# Trestle Materials Suggestion



## rsmproductions (Jan 5, 2008)

I know this has been discussed before but can't seem to find anything using the search function. I'm beginning plans to build a trestle that will span about 5 feet and will be in water. I'm looking for ideas of what to use for materials especially the portions in water. My RR is turn of the century - to mid 1930s and mountainy.

I appreciate your ideas or thoughts.

Richard


----------



## rhyman (Apr 19, 2009)

Here's a post from last year about a trestle I built from cedar. This type of construction is circa 1914. Rather than have the center bent sitting in the water, I raised it on beam supported by double bents. link to post


----------



## Jerry Barnes (Jan 2, 2008)

Redwood or cedar.


----------



## Totalwrecker (Feb 26, 2009)

Awhile back there was a thread about plastic bents, might have been the gent from Tap plastics. Other folks suggested footings above the water line. 
Prototypes trestles in water were built with round posts vs square timbers. The legs were driven into the ground with steam pile drivers. 
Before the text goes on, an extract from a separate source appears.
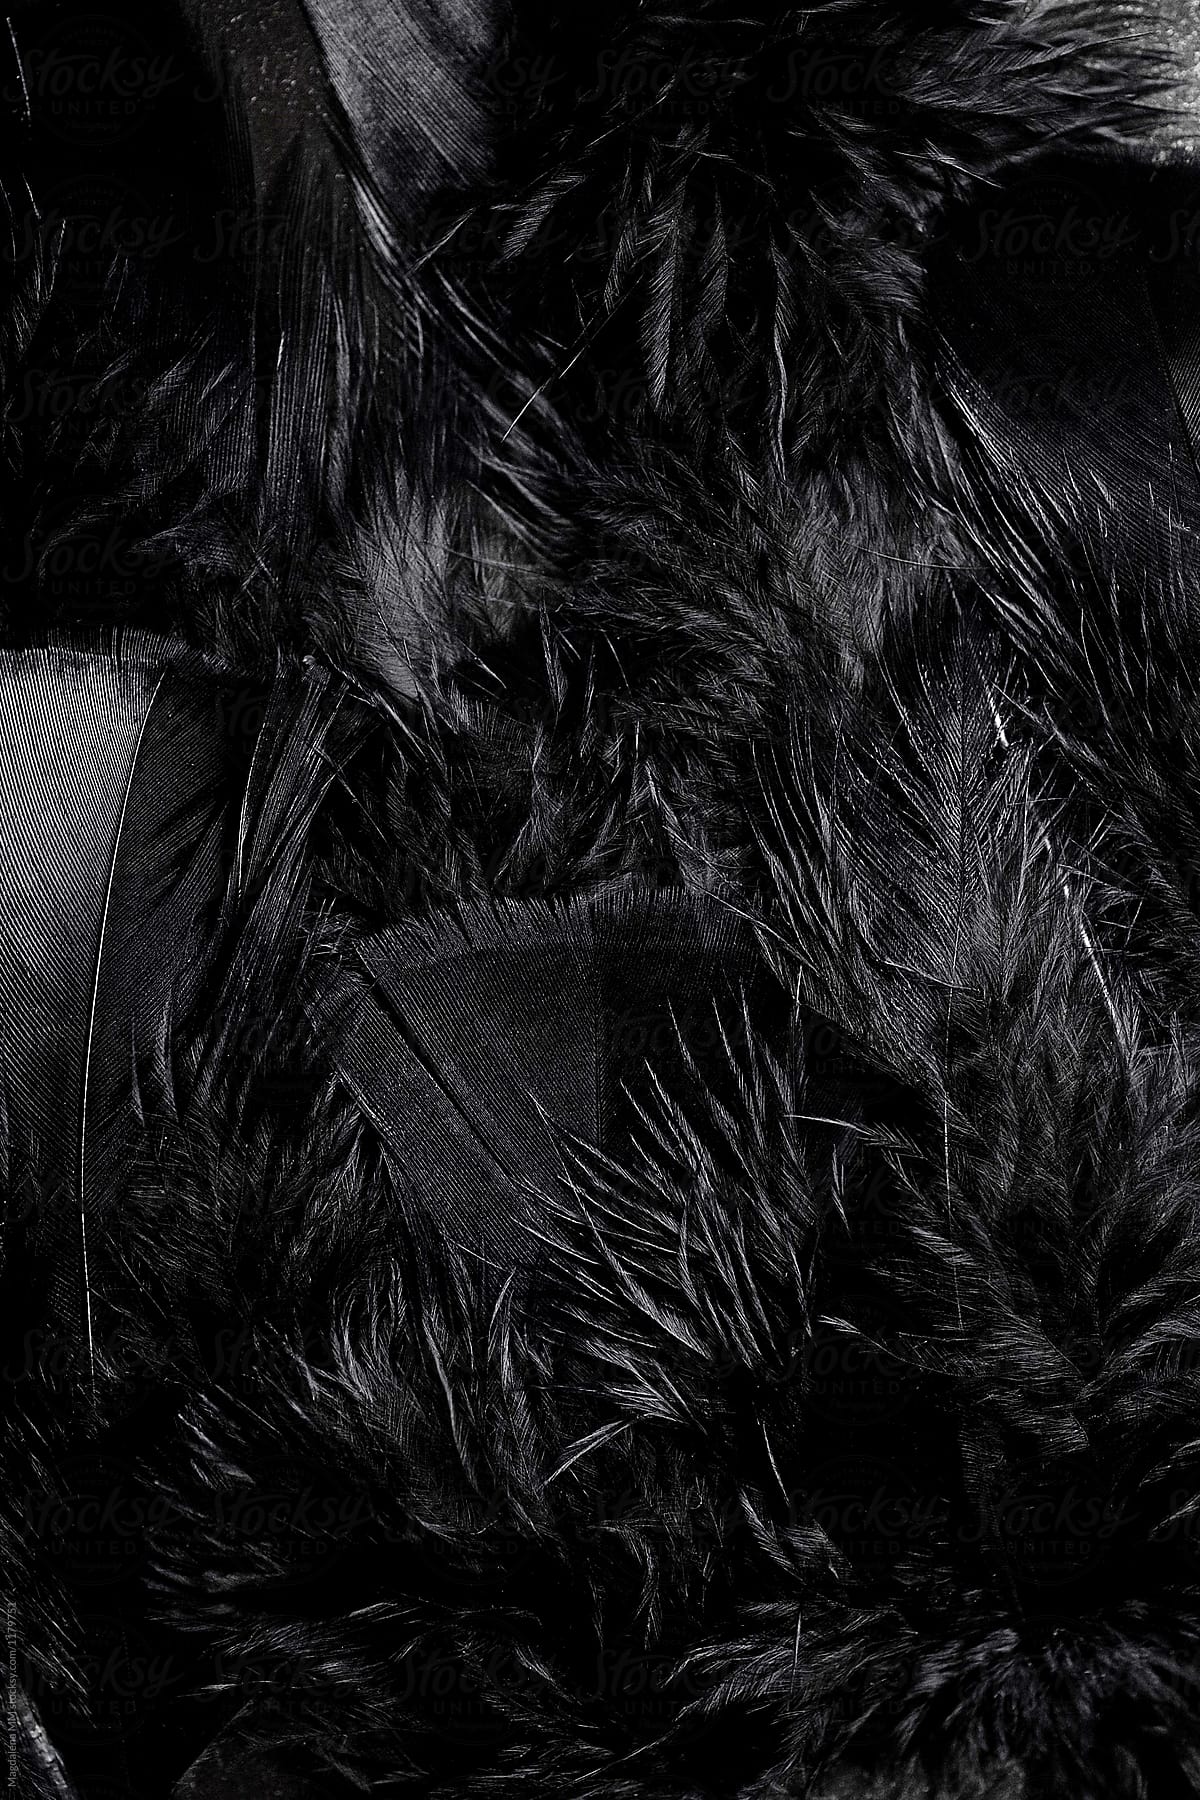 Black Feathers by Stocksy Contributor Magdalena M - Stocksy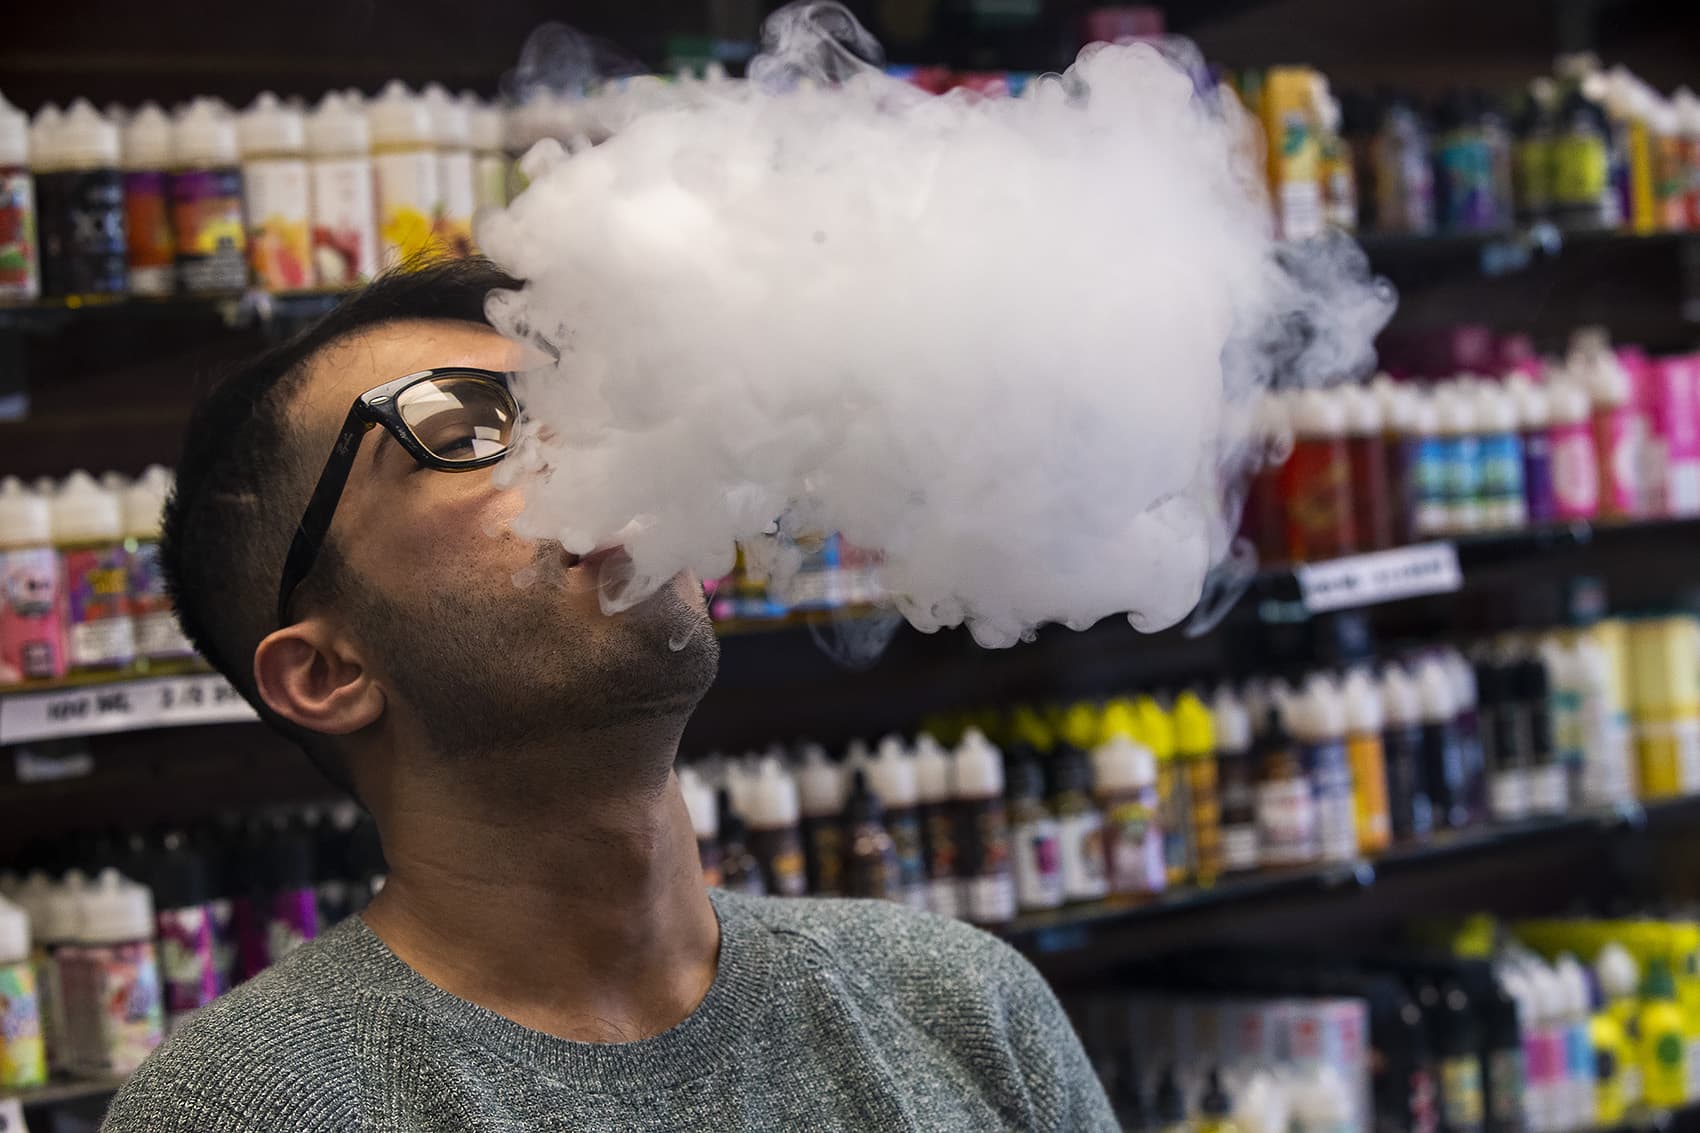 Ali Shaikh, manager of Smoker Choice in Salem, N.H., demonstrates the SMOK Species vaping device. (Jesse Costa/WBUR)

For Search use google or bing then site MyLargeScale and subject; trestles through water (or how you think...) 

John


----------



## Totalwrecker (Feb 26, 2009)

My great great grandfather pal'd around with Fredrick Weyerhauser, so I read the book; Logging Railroads of Weyerhauser's Vail-MacDonald Operation. It's a droll read, but I did learn that they would survey for Cedar trees and cut them for trestles. They saved the timber for sales...









John


----------



## Russell Miller (Jan 3, 2008)

Posted By Totalwrecker on 20 Jun 2013 10:10 PM 
Awhile back there was a thread about plastic bents, might have been the gent from Tap plastics. Other folks suggested footings above the water line. 
Prototypes trestles in water were built with round posts vs square timbers. The legs were driven into the ground with steam pile drivers. 

For Search use google or bing then site MyLargeScale and subject; trestles through water (or how you think...) 

John 
Here is the link to the thread: http://www.mylargescale.com/Communi...fault.aspx
Fiberglass tubes from TAP Plastics
Russ Miller


----------



## rsmproductions (Jan 5, 2008)

I appreciate each of your responses. The links that were suggested were very helpful. The Google suggestion was great and provided quite a few options for research. Now for the planning portion of what I'm going to be doing! 

Richard


----------



## Totalwrecker (Feb 26, 2009)

Glad to have helped. 

If you use the cedar pole (tree) method, note that they drove them in upside down. Only trimed off branches and thus they are fatter at the top. 
Jn the pic above they are ready to cut off the tops and move forward. 

John


----------